Weekend Update: The Koestler Problem
Back in callow college days, when I was assigned The Watershed, the book about Johannes Kepler that Arthur Koestler excerpted from The Sleepwalkers, I knew Koestler’s name, and I knew (from the jacket copy on The Watershed) that Koestler was the author a familiar title, Darkness at Noon, although I knew nothing about this latter book. I didn’t know much of anything about the Spanish Civil War, beyond Picasso’s Guernica, and it would have surprised me, in those days, to learn that the same man could face death in one of Franco’s prisons and, later on, write up Kepler’s search for the music of the spheres. But I’d have adjusted right away, because I somehow knew enough to place Koestler under the same rubric as Norman Mailer.
Arthur Koestler, in other words, wasn’t someone that I had to get to know right away, because he was one of those culturally immanent presences that float overhead from year to year, so constant that we don’t notice that they’ve been fading until something obliges us to look at them closely. That something, in Koestler’s case, was his suicide in 1983; which would have been unremarkable if he hadn’t been joined in the act by his younger, perfectly healthy wife. When I heard about that, I realized that I hadn’t heard Koestler’s name in quite a while, and that in fact I had never really known why he was famous.
Increasingly, fame feels like a kind of style; it is bestowed upon those who for one reason or another are in tune with the intellectual fashion of the moment. And it is withdrawn to the extent that its beneficiaries have committed themselves to looks and feels that have dated and staled. Koestler’s case is more encompassing. As Anne Applebaum notes in her review of a new biography of Koestler, the most urgent topic of Koestler’s prime has vanished from everyday discourse.

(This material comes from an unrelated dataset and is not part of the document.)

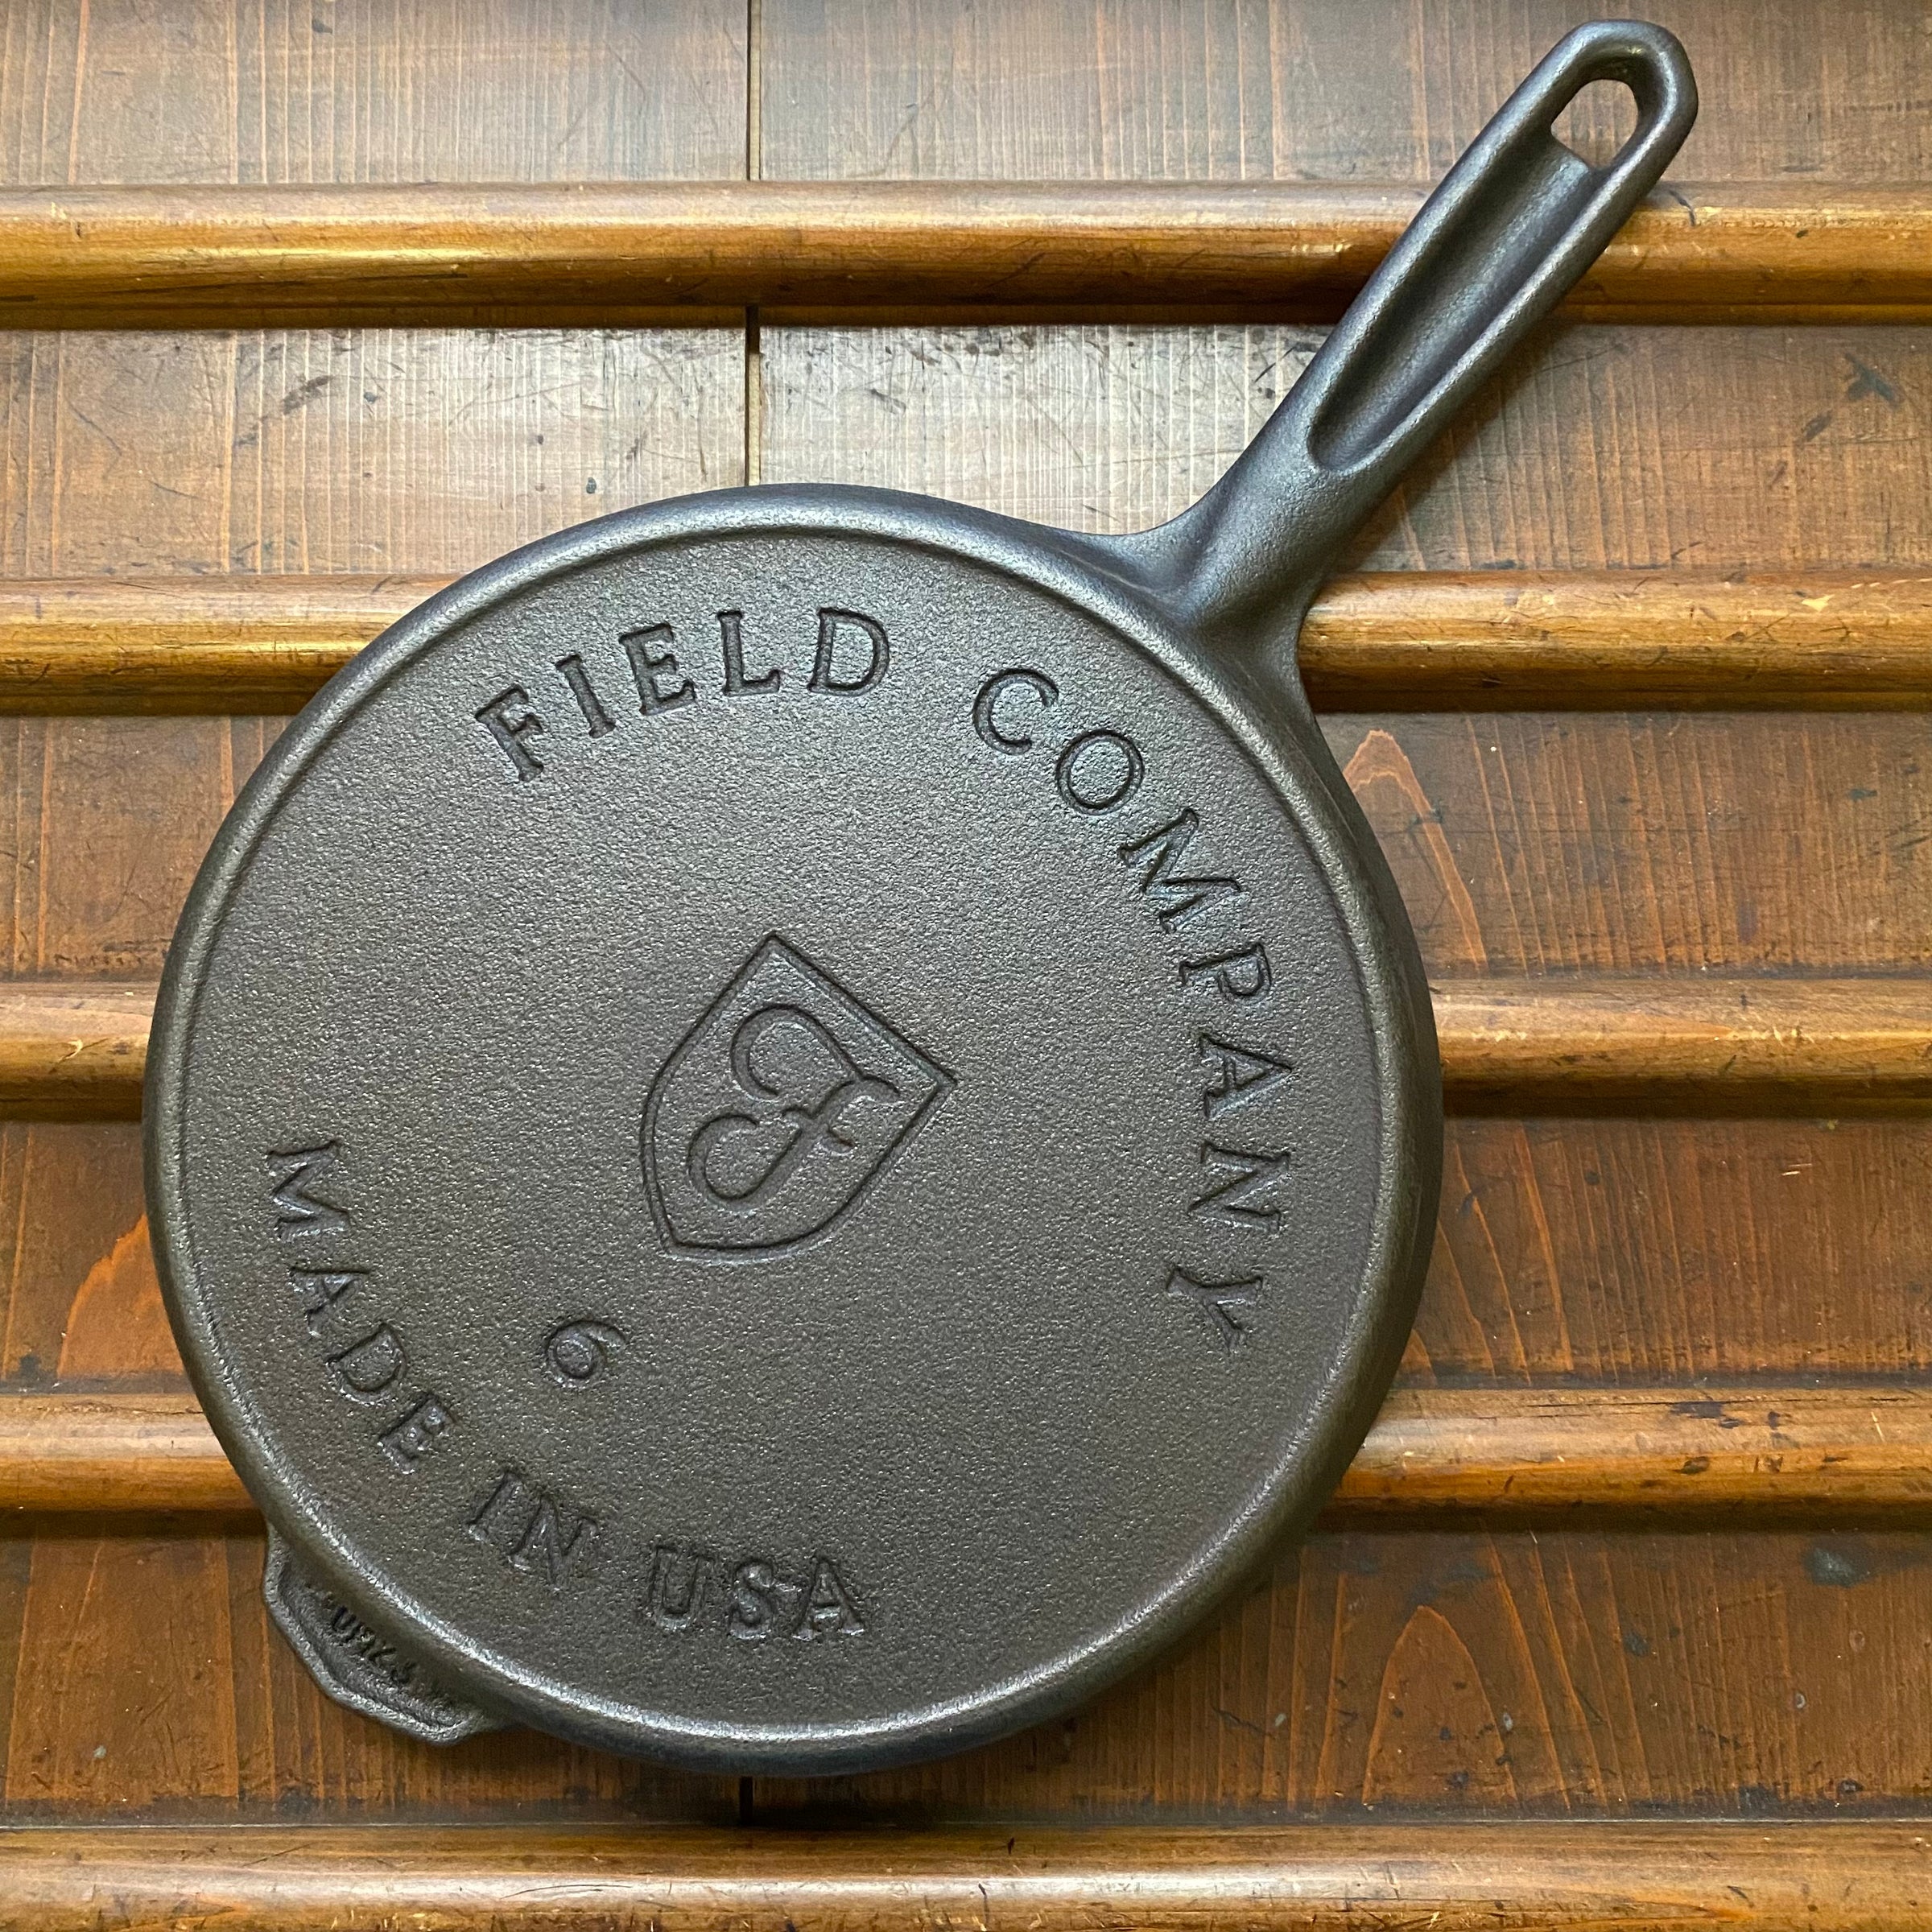 FIELD COMPANY 8-3/8 in. No. 6 Cast Iron Skillet 856133007061 - The
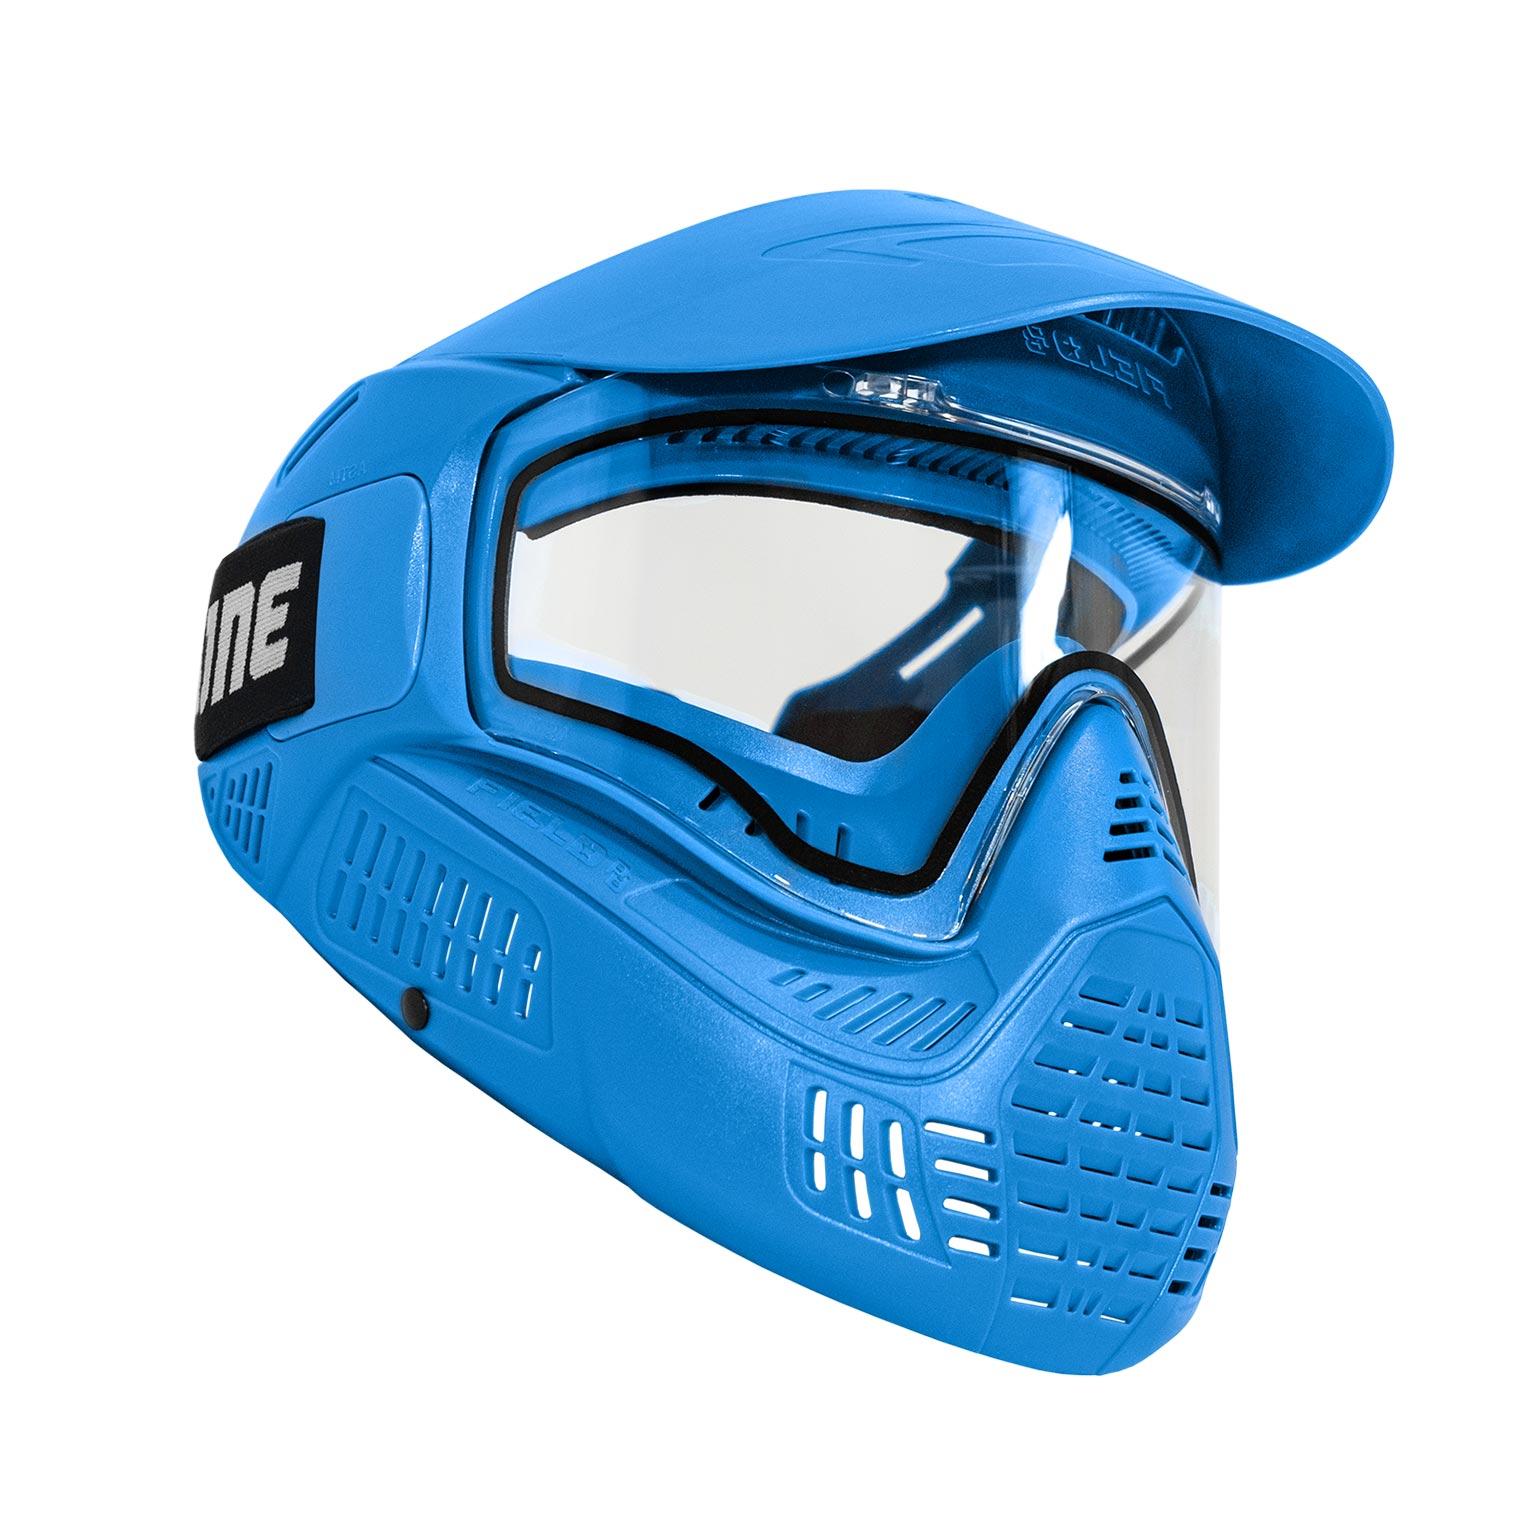 Goggle #ONE Thermal Blue V2 - Rubber Foam

The most important change, however, is political. To put it bluntly, the deadly struggle between communism and anticommunism—the central moral issue of Koestler’s lifetime—not only no longer exists, it no longer evokes much interest. Thanks to the opening of archives, quite a few Western historians are, it is true, still investigating the history of the Soviet Union and of the international Communist movement. But outside of a few university comparative literature departments, Soviet-style Marxism itself is not a living political idea anywhere in the West. In the wake of the Lehman Brothers crash in the autumn of 2008, there were calls for a government bailout of the auto industry. No one—no major newspaper columnists, no leading politicians, no popular intellectual magazines—called upon the vanguard of the proletariat to rise up and overthrow the bourgeois capitalist exploiters. In the Europe of 1948, somebody would have done so.
What that means, though, is that the entire political context in which Koestler, Sartre, and Camus functioned—and in which Koestler’s most important works were written—is now gone.
Ms Applebaum goes on to suggest that, if Koestler is to regain anything like the fame that he enjoyed sixty years ago, it won’t be because he wrote about important things, but rather the reverse: he’ll be read, if at all, because he convinces readers that, beneath the political dramas that he addressed in his work, there is a timeless struggle between forces that bear more universal names than “communism” and “democracy” — a struggle that he understands with compelling clarity. Ms Applebaum doesn’t appear to find this eventuality very likely.
This has always been much on my mind, this “Koestler problem.” It’s one thing to be forgotten because you didn’t really grasp the issues that interested you. That’s a risk that we take knowingly when we publish an essay. What you can’t really grasp is the possibility that the issues that you address so well will fall away, and concern nobody. You can’t grasp it because you can’t see where things are going. You can guess, but you can’t see.
If you’re a journalist, you probably don’t care.